Jean-Baptiste Massieu (17 September 1743 Pontoise - 8 June 1818 Brussels) was a French bishop, politically active during the French Revolution.

The son of a Norman hosier, he took holy orders in Rouen, took up his first post as a teacher of rhetoric at Vernon and in 1768 moved to the royal college in Nancy. He may also have been a tutor to the younger Lameth brothers, and in 1782 was appointed curate of Cergy.

When the Estates General were summoned, he was elected to sit for the First Estate representing Senlis. In December 1789 he became secretary of the new National Assembly and joined the ecclesiastical committee, and in December 1790 he took the oath to the Civil Constitution of the Clergy. He was elected constitutional bishop of Oise on 21 February 1791.

On 4 September 1792 he was elected to represent Oise in the National Convention, receiving 315 out of 627 votes. During the trial of Louis XVI he voted against appeal to the people, for the death penalty and against reprieve. In 1793 he was sent as a representant en mission first to Ardennes and then to Marne. He renounced his religious vows while he was away from Paris, and shortly afterward married the daughter-in-law of the mayor of Givet, Marie-Odile Briquelet.

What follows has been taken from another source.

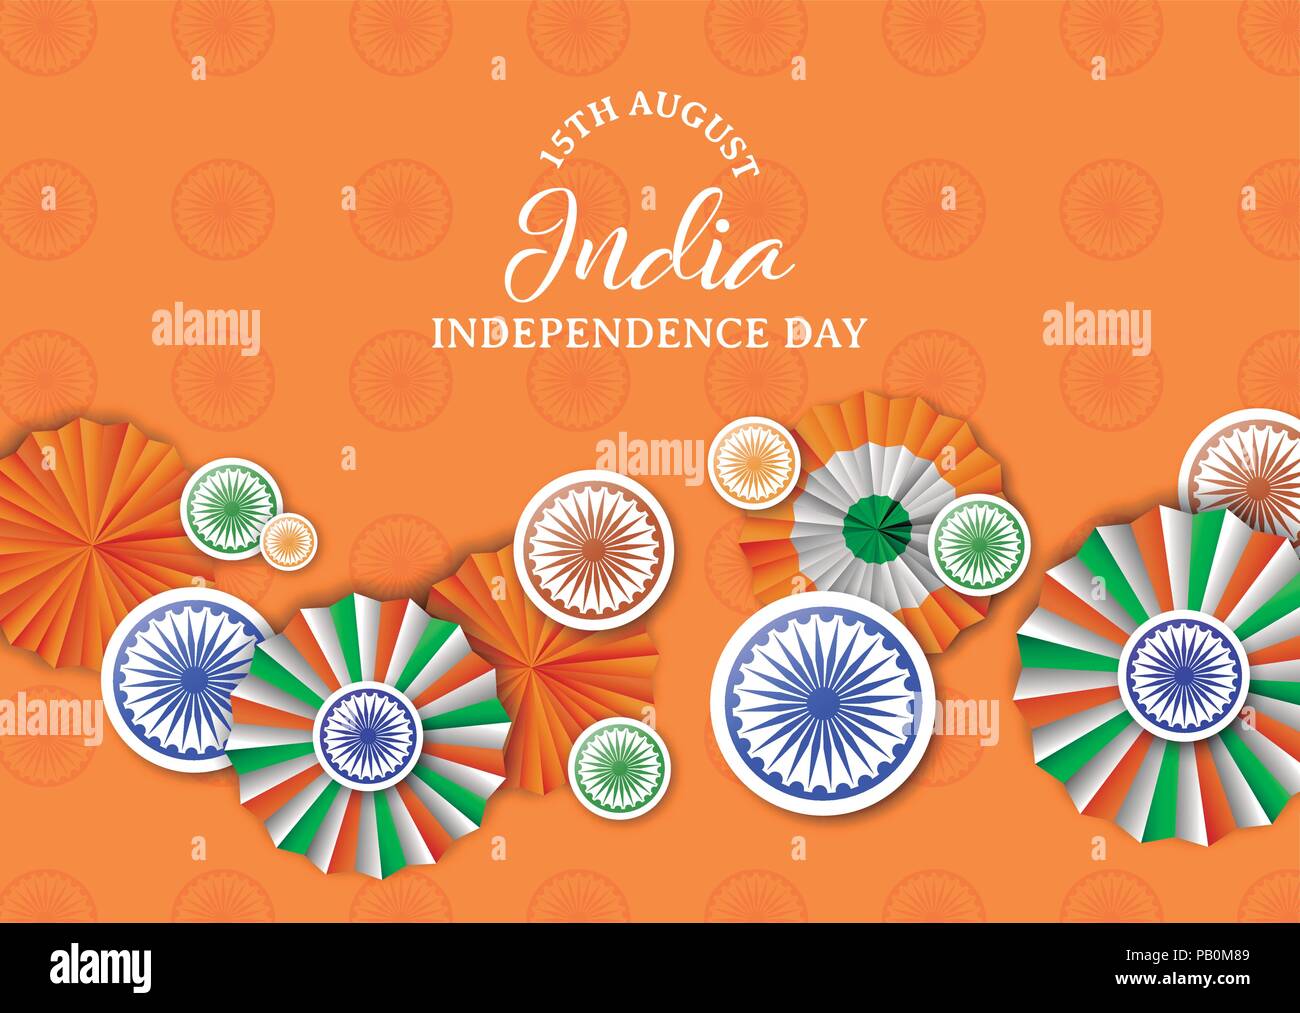 India Independence Day greeting card illustrazione. Tradizionale badge tricolore e bandiera indiana decorazione cromatica con la tipografia preventivo. EPS10 vettore. Illustrazione Vettoriale

His main task in the North was to deal with traitors and counter-revolutionaries, and he also erected a temple to Reason in Sedan.

In April 1794 he returned to the Convention, joined the public education committee, and worked on new primary school textbooks. Like many representants en mission who had made themselves unpopular outside Paris, he was denounced after the Thermidorean reaction and arrested on 9 August 1795, at the same time as Joseph Fouché. However thanks to an amnesty decree he was freed again 4 Brumaire Year IV (26 October 1795). He was employed for some months as a geographer by the War Ministry and then took up a post as a school teacher in Versailles. In 1797 he was given a new post as archivist at the War Ministry, which he occupied until 1815, building, cataloguing and storing its collections. His work in the archive yielded more than 800 volumes of collected papers and 8,000 books added to the collection.

Proscribed as a regicide in 1815, he went into exile in Brussels, leaving his wife behind in Paris. Despite his petitions and the support of the duc de Richelieu, he was never given permission to return to France. He fell ill in 1818 and his wife obtained a passport to join him; he died in poverty on 6 June 1818.